Yaşanılan bölgeye göre bu alışkanlıklar da değişiyor tabi ki. Türkçe kitap bulmak imkansız, ama şehir kütüphanesine ücretsiz üye olarak pek çok kitaba ulaşmak mümkün. Ben de, yabancı dilimi geliştirmek için kütüphaneden aldığım kitapları okuyorum. İnsan farklı bir dilde bildiği bir konuyu okuduğu zaman farklı bakış açılarını daha rahat yakalayabiliyor. Türkiye’ye gittikçe de almak istediğimiz kitapları alıp getiriyoruz.
İlk günlerde alışveriş yaparken, Türkiye’deki alışkanlıktan alışveriş listesindekileri içindekilere bakmadan alıp sepete koyuyordum, eşim benim koyduklarımı tek tek inceliyordu. Daha sonra hem helal hem de katkı maddelerinin sağlıklı olup olmadığı konusunda içindekileri okumaya alıştım. Bir ürünü bu şekilde inceleyince alışveriş de normalden çok daha uzun sürüyor ama içimize sinerek alıyoruz aldıklarımızı. Türk ürünleri satan müslüman marketler de var, onlardan alışveriş yaparken dahi içindekileri sağlık açısından okuyup kıyaslıyoruz. Türkiye’de satılan markaları özellikle inceliyorum, helal olmayan veya şüpheli bir şey varsa Türkiye’deki arkadaşlarıma da söylüyorum dikkatli olmaları için.

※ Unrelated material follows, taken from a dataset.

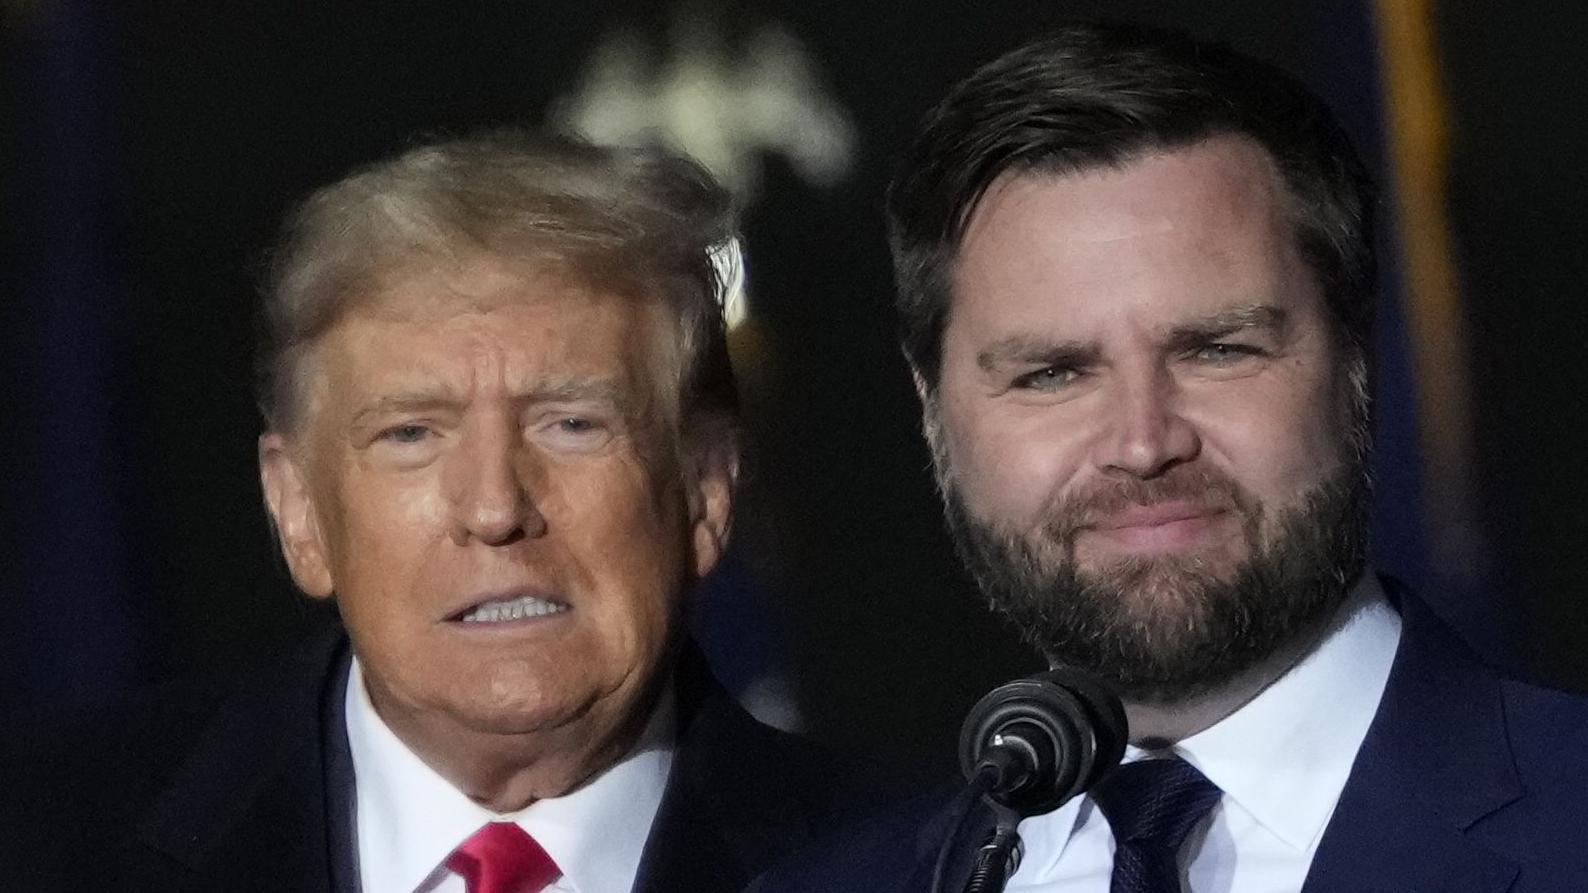 JD Vance named as Trumps running mate

Kıyafet konusunda da, özellikle Yahudilere hitap eden mağazalarda uzun etek, elbise bulmak mümkün. Ama acil ihtiyaç olmadıkça kıyafet alışverişini Türkiye’de yapmak daha kolayıma geliyor.
Yaşadığınız yerde, özellikle ilk günlerinizde karşılaştığınız zorluklar oldu mu?
Özlemin yanında yalnızlığa alışmak zor oldu benim için. Özellikle eşim işe gittiği zamanlar evde yapacak bir şey bulamıyordum, içimden bir şeyler yapmak da gelmiyordu. Ama zamanla alışınca kendime bir düzen kurdum. Zorluk değil belki ama gözlerim sürekli müslüman birisini arıyor gezerken. Selam verdiklerinde ya da selamımı aldıklarında çocuk gibi seviniyorum.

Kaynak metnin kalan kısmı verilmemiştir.